Mosaico del gatto selvatico, a Sant’Adriano.
I lapidari e i bestiari del Medioevo sono
messaggi cifrati, propongono un catalogo dell’universo simbolico: toccare
o portare una pietra, vedere o rappresentare un animale ha ogni volta un
senso, ogni volta contiene un avvertimento, un’indicazione, una chiave di
lettura. E si pensi all’ossessione per i numeri e il loro significato
simbolico fin dalla tarda antichità. Insomma, per dirla con Umberto Eco,
«l’uomo medievale viveva effettivamente in un mondo popolato di
significati, rimandi, sovrasensi, manifestazioni di Dio nelle cose, in una
natura che parlava continuamente un linguaggio araldico, in cui un leone
non era solo un leone, una noce non era solo una noce, un ippogrifo era
reale come un leone perché come quello era segno, esistenzialmente
trascurabile, di una verità superiore».
Di che cosa sono il segno i serpenti di Sant’Adriano?
Qual è il loro insegnamento? A che cosa alludono? All’astuzia di cui
parlano i Vangeli? Qual è il significato del loro simbolismo numerico
(l’otto, sette più uno, come simbolo dell’ottavo giorno e della
Gerusalemme celeste, il tre come riferimento alla Trinità...). Sarebbe
vano cercare una spiegazione univoca. Perché, come ha scritto il grande
storico olandese Johan Huizinga, nessuna verità era più presente allo
spirito medievale di quella espressa nella lettera di san Paolo ai
Corinzi: «Ora vediamo come in uno specchio, in enigmi... allora vedremo
faccia a faccia». In altri termini, il Medioevo non ha mai dimenticato che
«ogni cosa sarebbe assurda se ci si limitasse al suo significato immediato
e alla sua fenomenalità e che, al contrario, per essenza, ogni cosa tende
all’aldilà». Ed è così anche per Sant’Adriano.

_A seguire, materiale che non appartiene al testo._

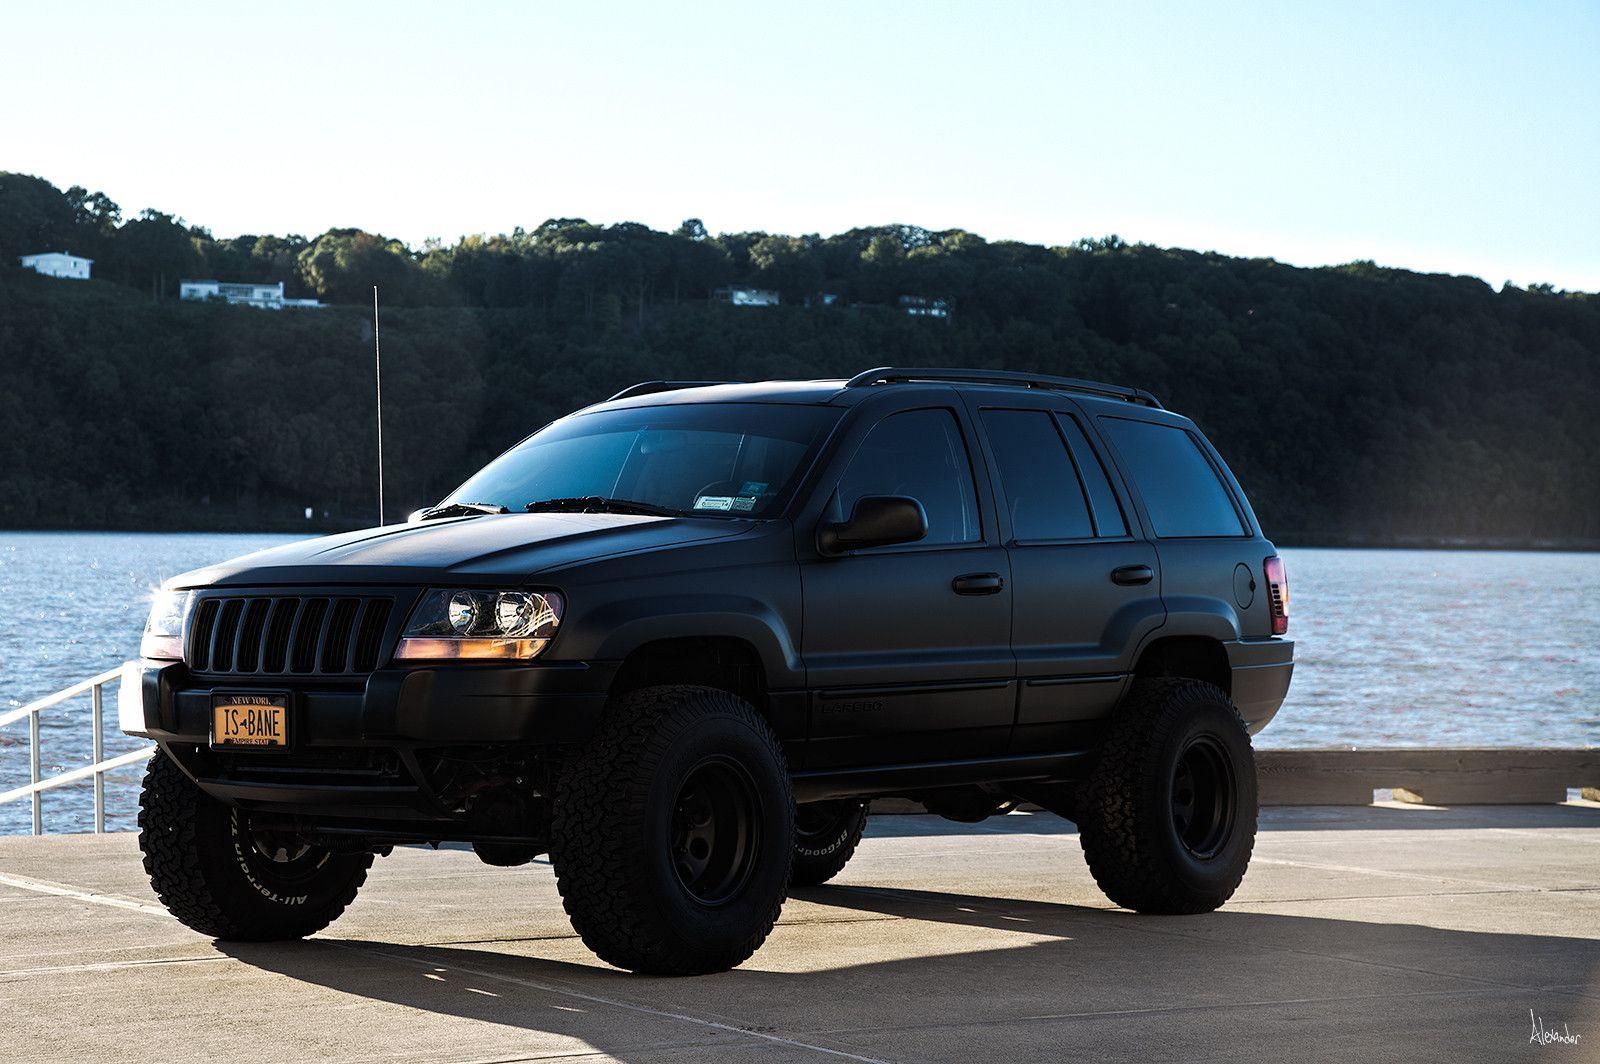 Matte Black Grand Cherokee Customed Jeep Wj Jeep Grand Cherokee

Raffigurazione di un eremita, nel monastero di Sant’Adriano.
Qui i monaci non abitano più da secoli. La
chiesa, alla periferia di San Demetrio Corone, è però nel territorio dell’Eparchia
di Lungro, diocesi cattolica di rito greco, di cui fanno parte le comunità
albanesi di Calabria, Puglia, Basilicata, Abruzzo.

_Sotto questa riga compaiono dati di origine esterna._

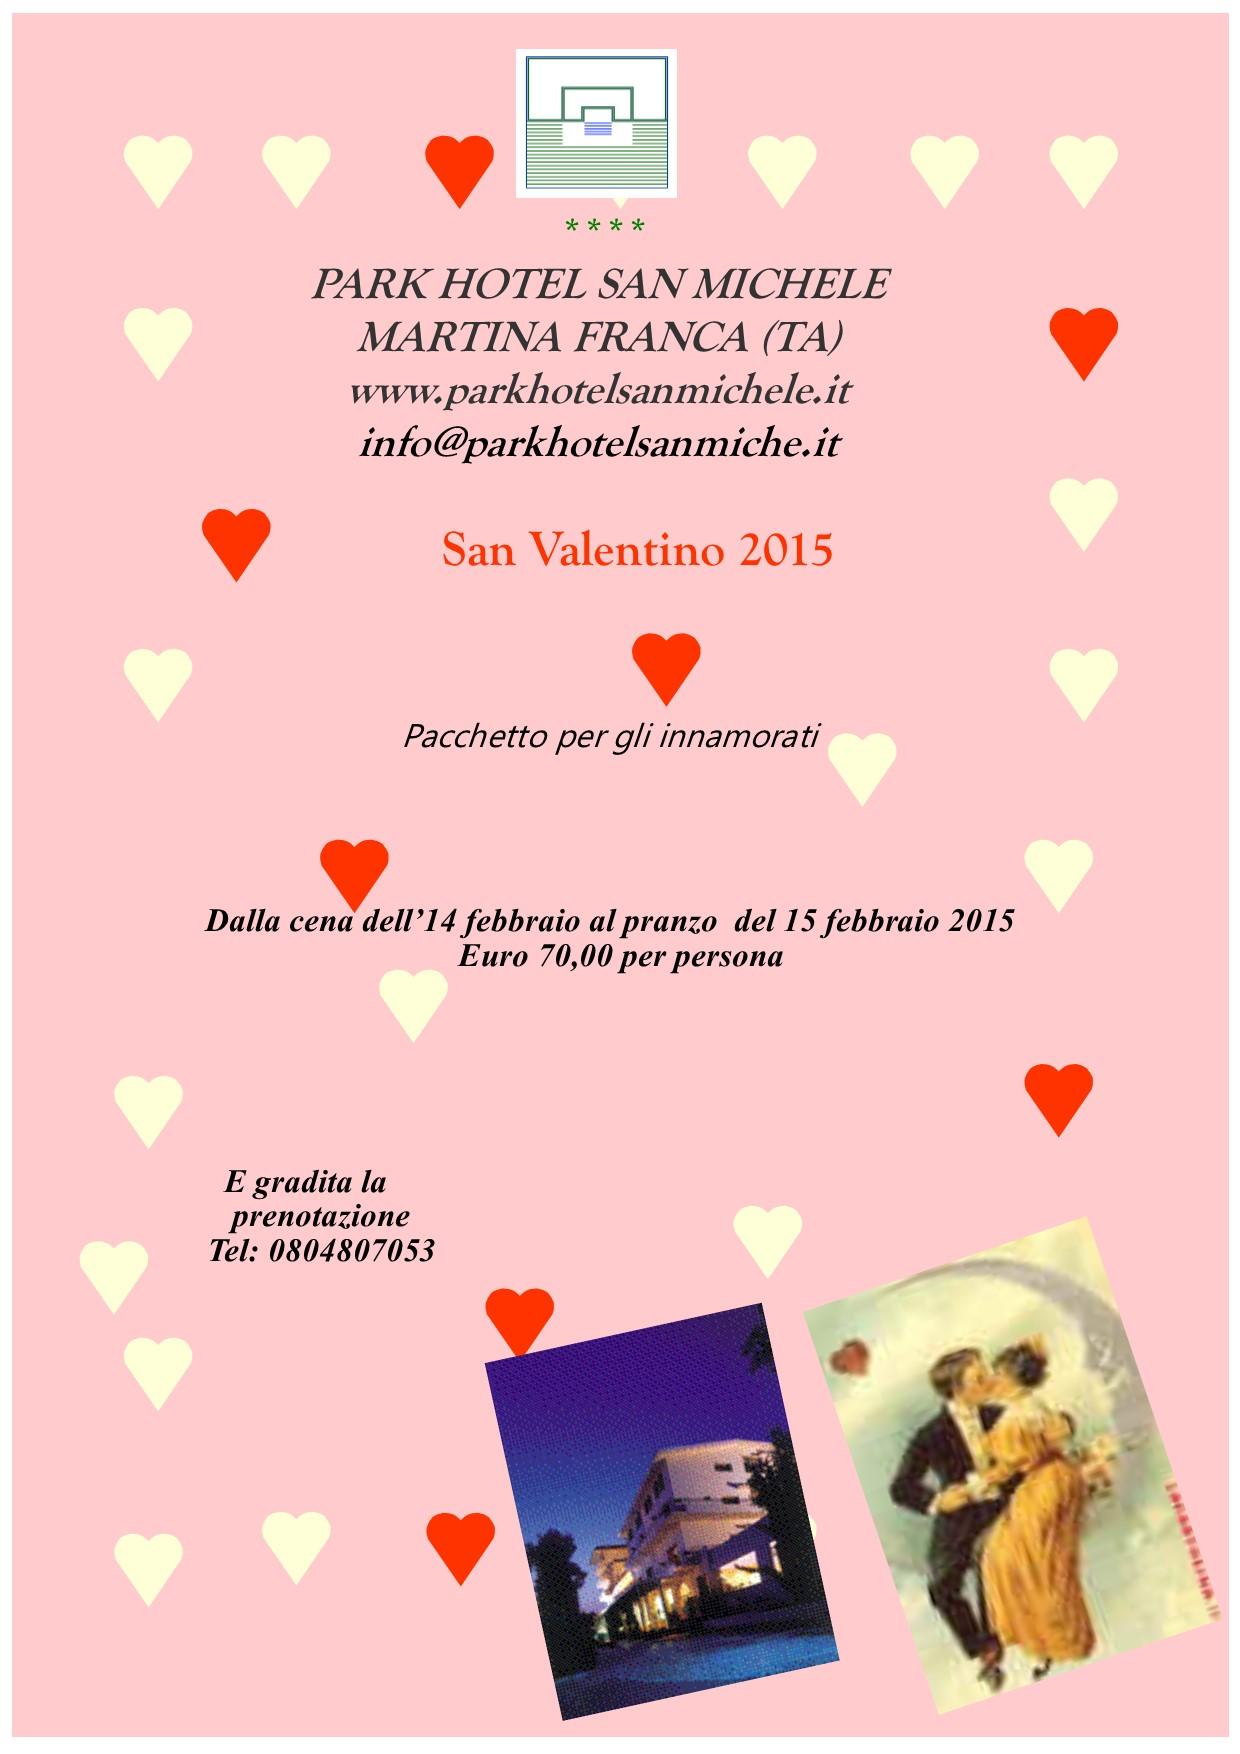 San Valentino, 2015, week end, Martina Franca, Park Hotel San Michele

Un millennio, cioè una distanza abissale, separa
i giovani che ora passeggiano lungo la strada, con il Pollino e lo Ionio
sullo sfondo, da quegli altri giovani che, sulle tracce di san Nilo,
cercavano l’hesychia in questi stessi luoghi. Eppure, al di là
delle forme di vita, al di là delle mortificazioni e degli esercizi
ascetici, la distanza non dev’essere così grande, a sentire gli inni
liturgici che, con l’incenso, ora si levano al cielo. E anche questo –
come direbbe Huizinga – è un enigma, un mistero, ombra in uno specchio.
Piero Pisarra

Il famoso mosaico a
forma di serpente,
nel monastero calabrese di Sant’Adriano.